This repository contains part of the code and pre-trained models for our paper “Awareness of Time: Video-Language Models Embedding with Temporal Reasoning”, which has been submitted to LREC-COLING2024. The complete code will be released after the conference announces the acceptance results.
Video-language pre-training has significantly improved the performance of diverse downstream tasks related to video and language. However, existing approaches often directly adapt image-language pre-training paradigms to video-language tasks, neglecting the unique temporal characteristics of videos. In this paper, we present a novel temporal-aware video-language pre-training framework. It introduces two innovative pre-training tasks to enhance temporal-awareness in multi-modal representations, incorporating fine-grained temporal moment information and temporal contextual relations between video-text pairs. Firstly, we propose a cross-modal moment exploration task, leveraging paired texts to uncover detailed video moment representations. Subsequently, using the acquired moment representations, we capture inherent temporal contextual relations by aligning video-text pairs across different time resolutions in a multi-modal temporal relation exploration task. Additionally, we introduce a shuffling test to assess the temporal reliance of datasets and the efficacy of video-language pre-training. This framework aims to fully exploit the temporal dimension in video data for more effective pre-training and improved downstream task performance.
·We show that existing video-language models have difficulty in associating time order in video and language through controlled experiments on synthetic data and several evaluations on real datasets.
·We propose a temporal reasoning video-language pre-training framework with both videolanguage understanding and generation capabilities.

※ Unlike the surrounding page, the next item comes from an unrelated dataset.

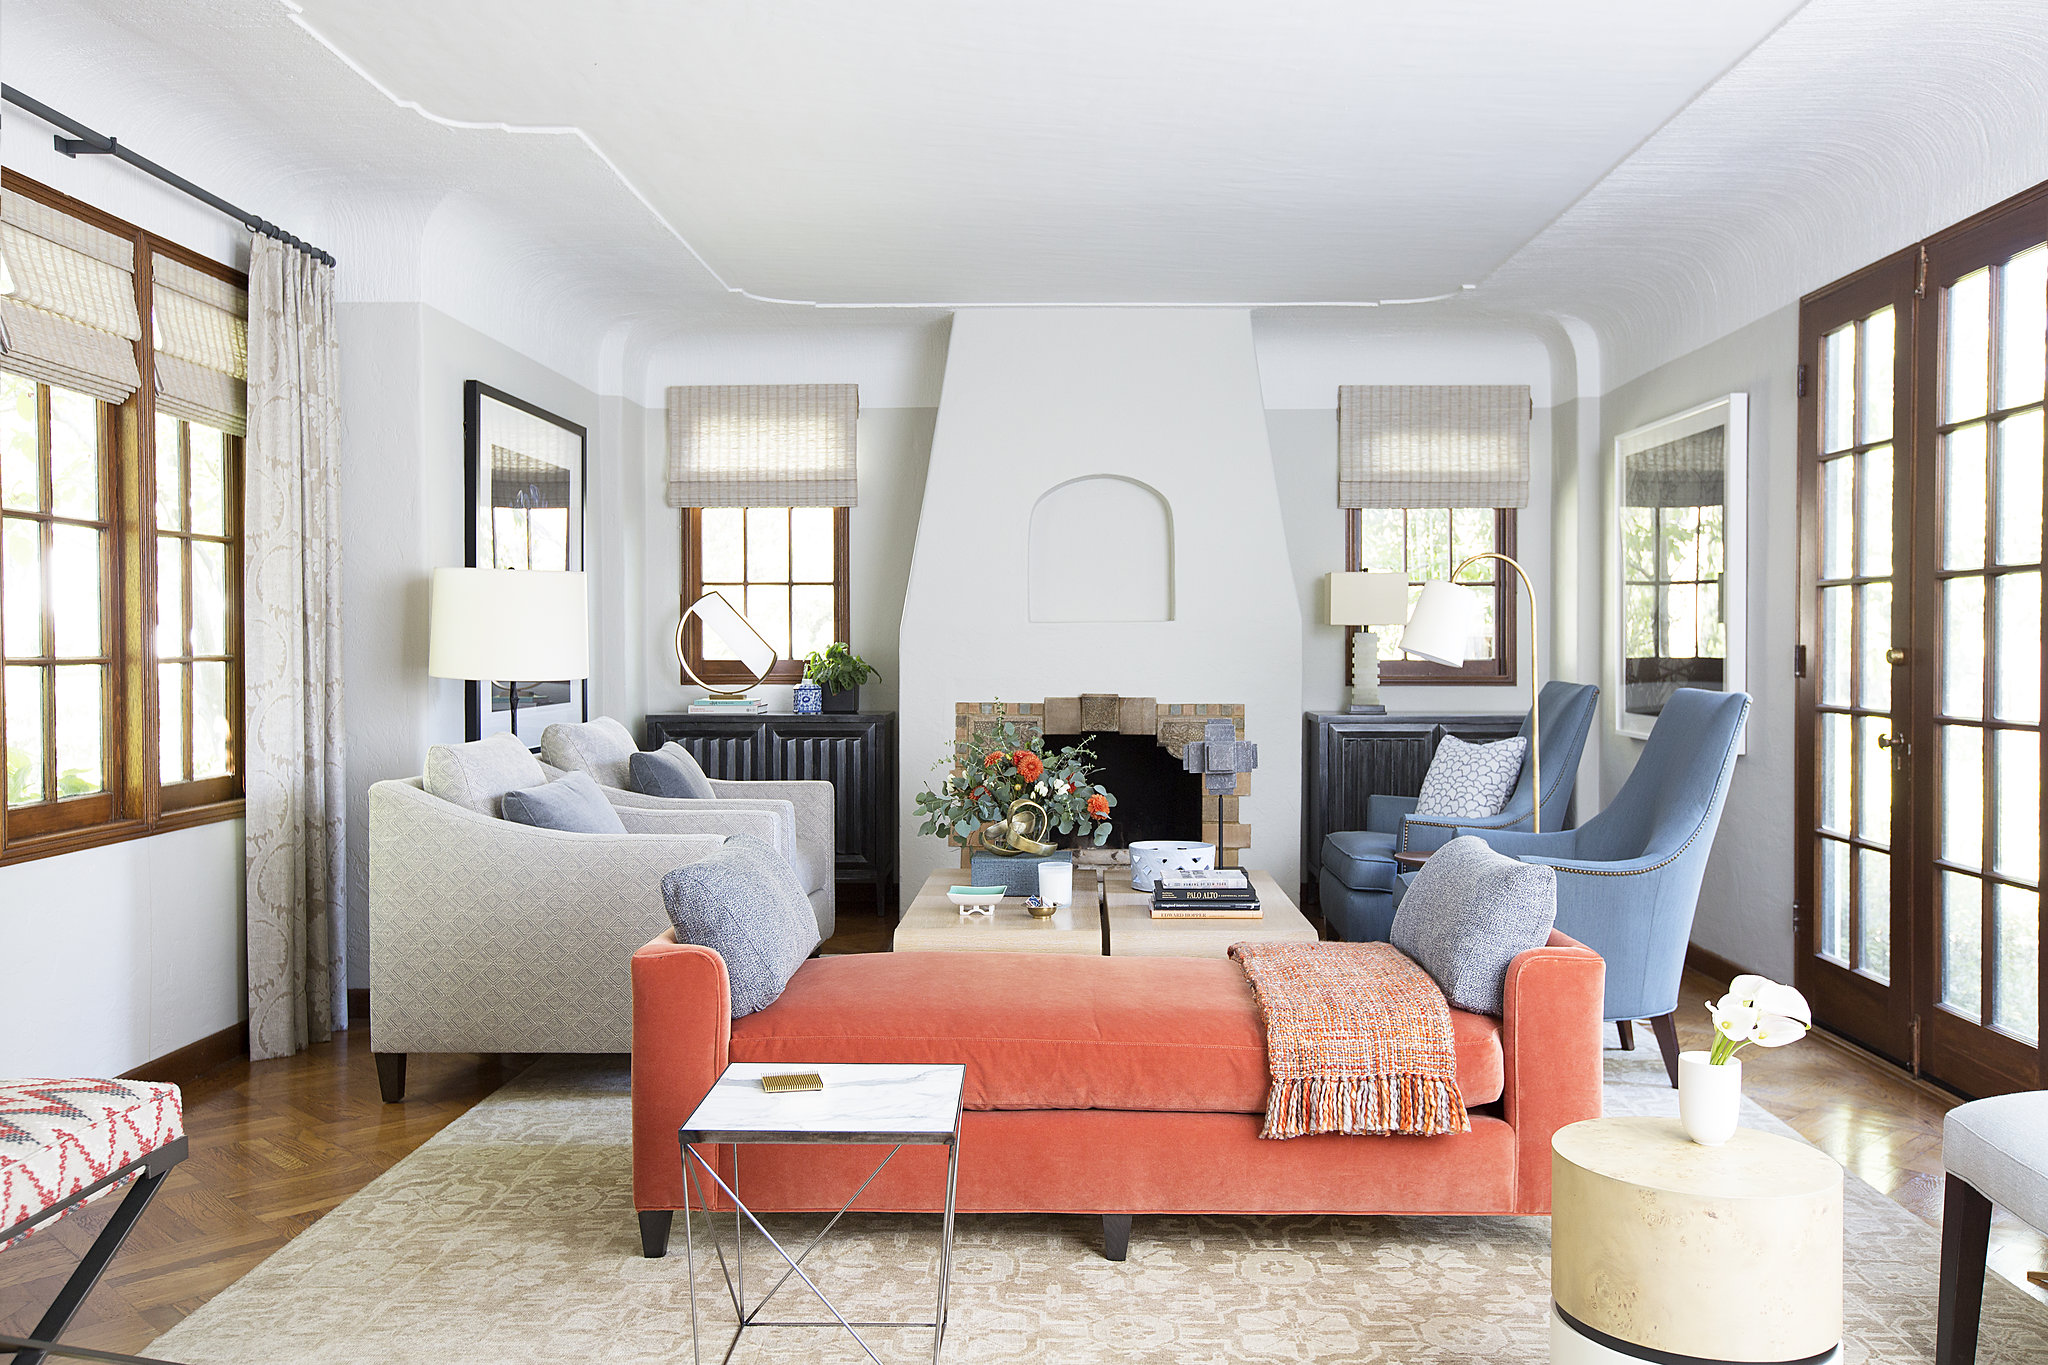 1920s Palo Alto Tudor, Living Room by Melinda Mandell Interior Design

·We introduce temporal reasoning pre-training tasks to generate temporal reasoning multi-modal representation through modeling fine-grained temporal moment information and capturing the temporal contextual relations between moment and event.
we pre-train our model on a webly-sourced video dataset WebVid-2M with 2.5M video-text pairs and a image-text dataset Google Conceptual Captions (CC3M) with 3M image-text pairs. Unlike previous methods, we do not pre-train our model on the large-scale video-text datasets like HowTo100M with 136M video-text pairs and YT-Temporal-180M due to the heavy computation.
We evaluate our pre-trained model on several video-language benchmarks including video-text retrieval, video question answering, and video captioning tasks. Specifically, video question answering (VideoQA) can be categorized as Multiple-Choice (MC) and Open-Ended (OE) settings. The evaluation datasets are briefly summarized in below.
• Video-Text Retrieval: MSRVTT, ActivityNet Caption and SSv2-Template;
• VideoQA (MC): TGIF-Action, TGIF-Transition, MSRVTT-MC and NExT-QA;
• VideoQA (OE): MSRVTT-QA,MSVD-QA and ActivityNet-QA;
• Video Captioning: MSRVTT.
Post-pretraining Dataset | Hyperparameters | Download link | ||
---|---|---|---|---|
$\alpha_{\text{same}}$ | $\alpha_{\text{cross}}$ | $\beta$ | ||
TEMPO-TL | 1.0 | 1.0 | 1.0 | Link |
ActivityNet | 1.0 | 1.0 | 0.0 | Link |
Charades | 1.0 | 1.0 | 0.0 | Link |
Charades-Ego | 1.0 | 1.0 | 1.0 | Link |
These two parts will be released after the conference announces the acceptance results.